HP is targeting disruption in the $12 trillion (£9.2tn) global manufacturing market as the IT giant pushes forward with its 3D printing operations.
HP, which officially launched its new office in central Glasgow last week, is active in the personal computing and printing markets.
George Brasher, managing director of the IT firm’s UK and Ireland division, told The Scotsman that he believes 3D printing is transforming the $12tn manufacturing sector and will be “as impactful as the internet”.
Traditional production lines use metal casts, which are constrained to certain dimensions, and injection molding to mass produce parts.
3D printing offers quicker production, is more environmentally friendly and allows flexibility for adjustments, as parts are created one at a time, said Brasher.
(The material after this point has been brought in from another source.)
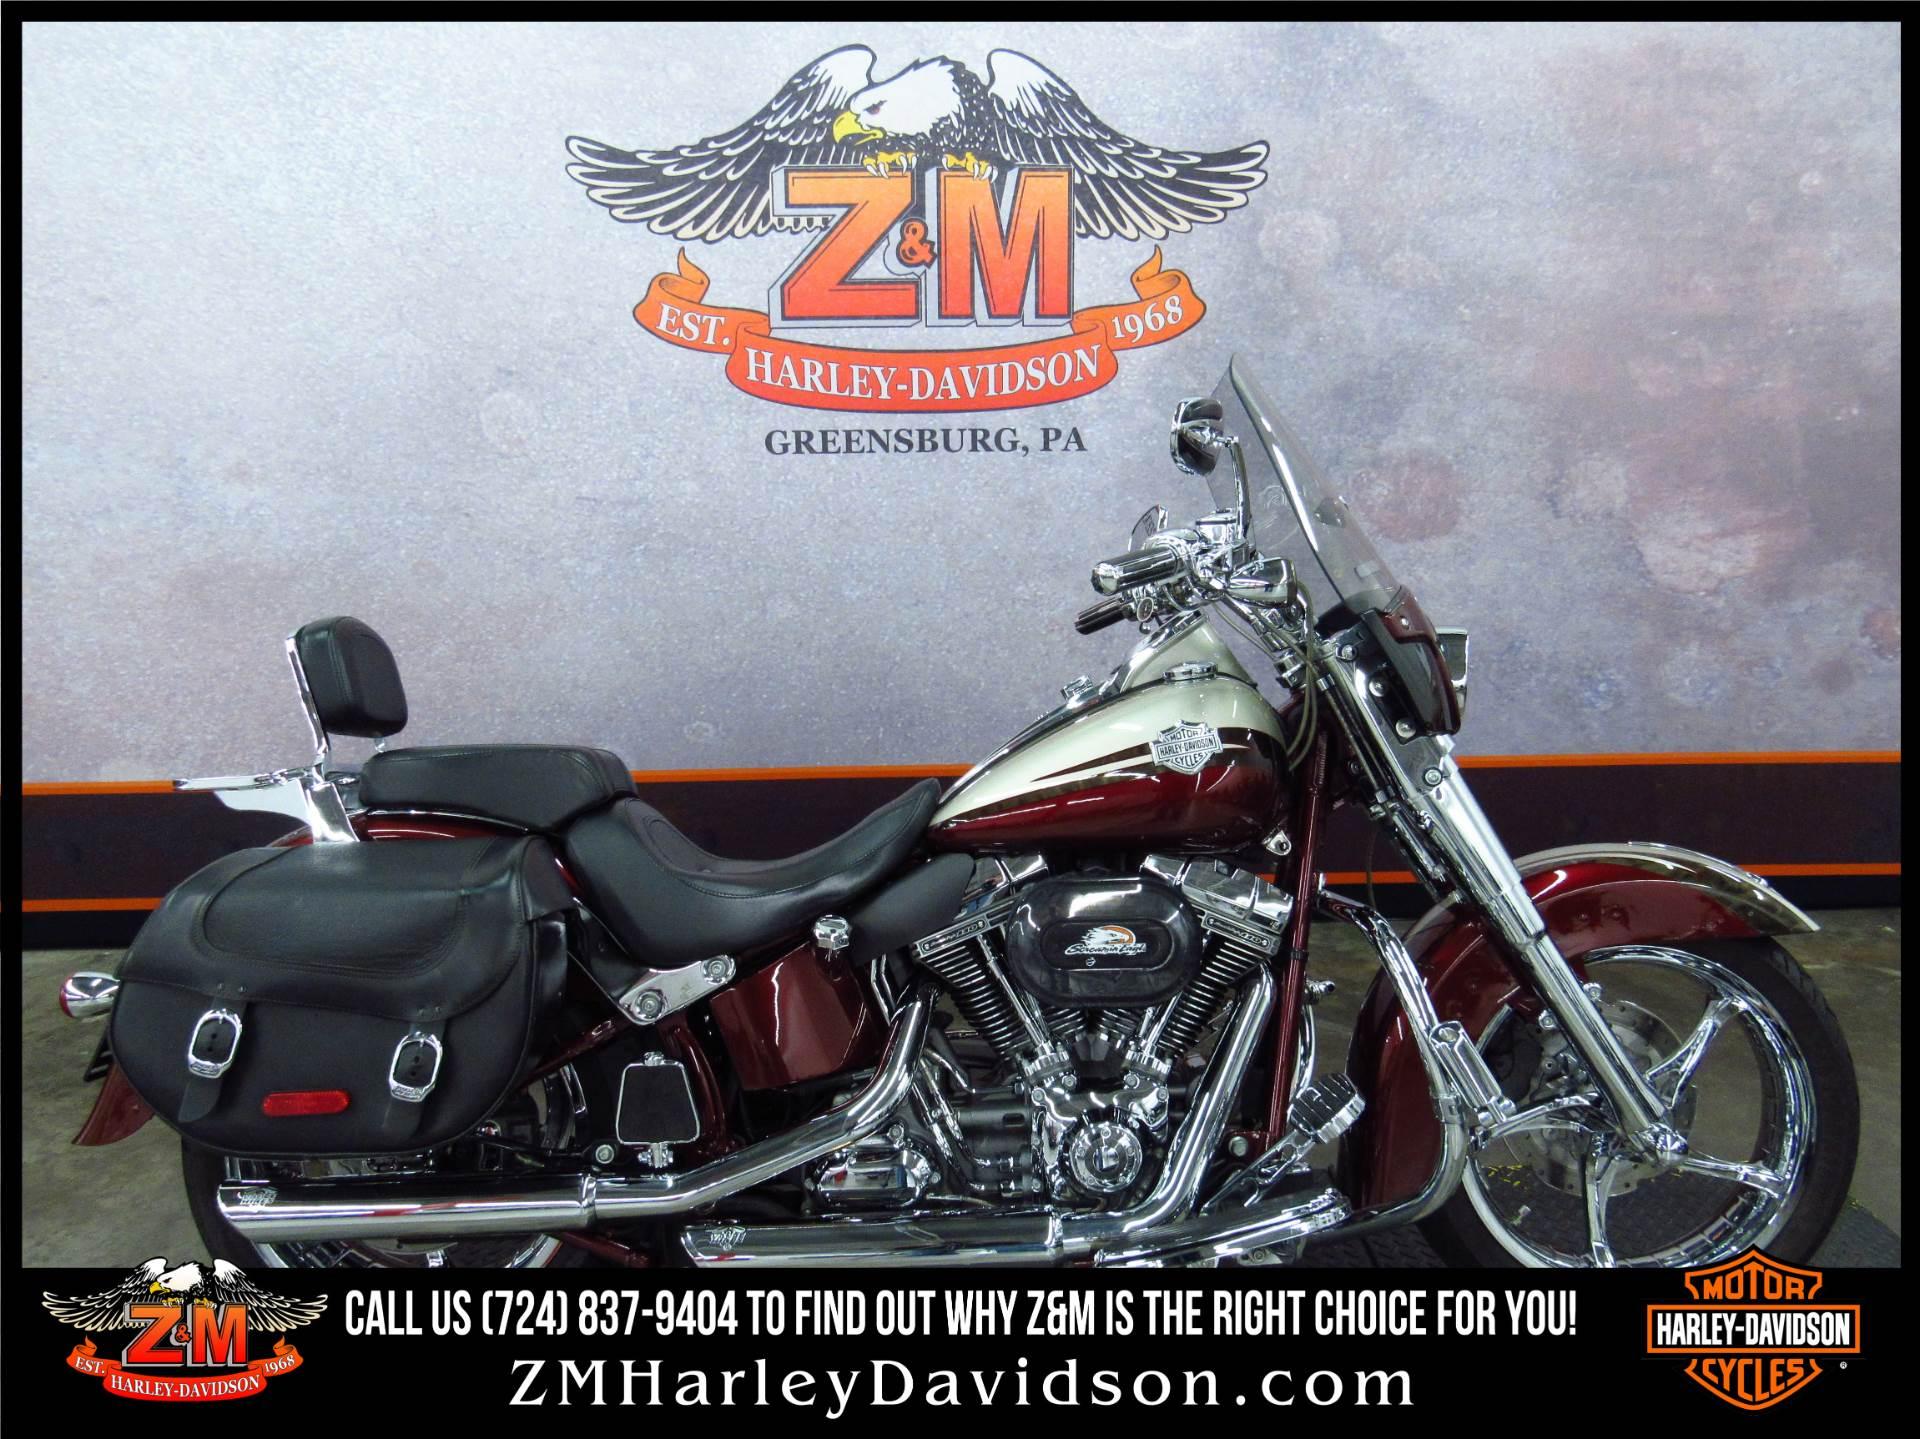 2010 Harley Davidson Cvo Softail Convertible In Greensburg Pennsylvania

He added: “You’re able to 3D print on demand, you have a faster turnaround time and your minimums will go way down.
“It creates a great opportunity – our 3D printer actually creates almost half of the parts that are on the printer today.”
Brasher and his team calculated that 3D printing is more cost effective than traditional production lines if the manufacturer is producing fewer than 55,000 parts.
The team is currently working to push this breakeven point higher, he said.
HP, which separated from the Hewlett-Packard Company in 2015, counts multinationals such as BMW, Nike and Volkswagen among its 3D printing service clients.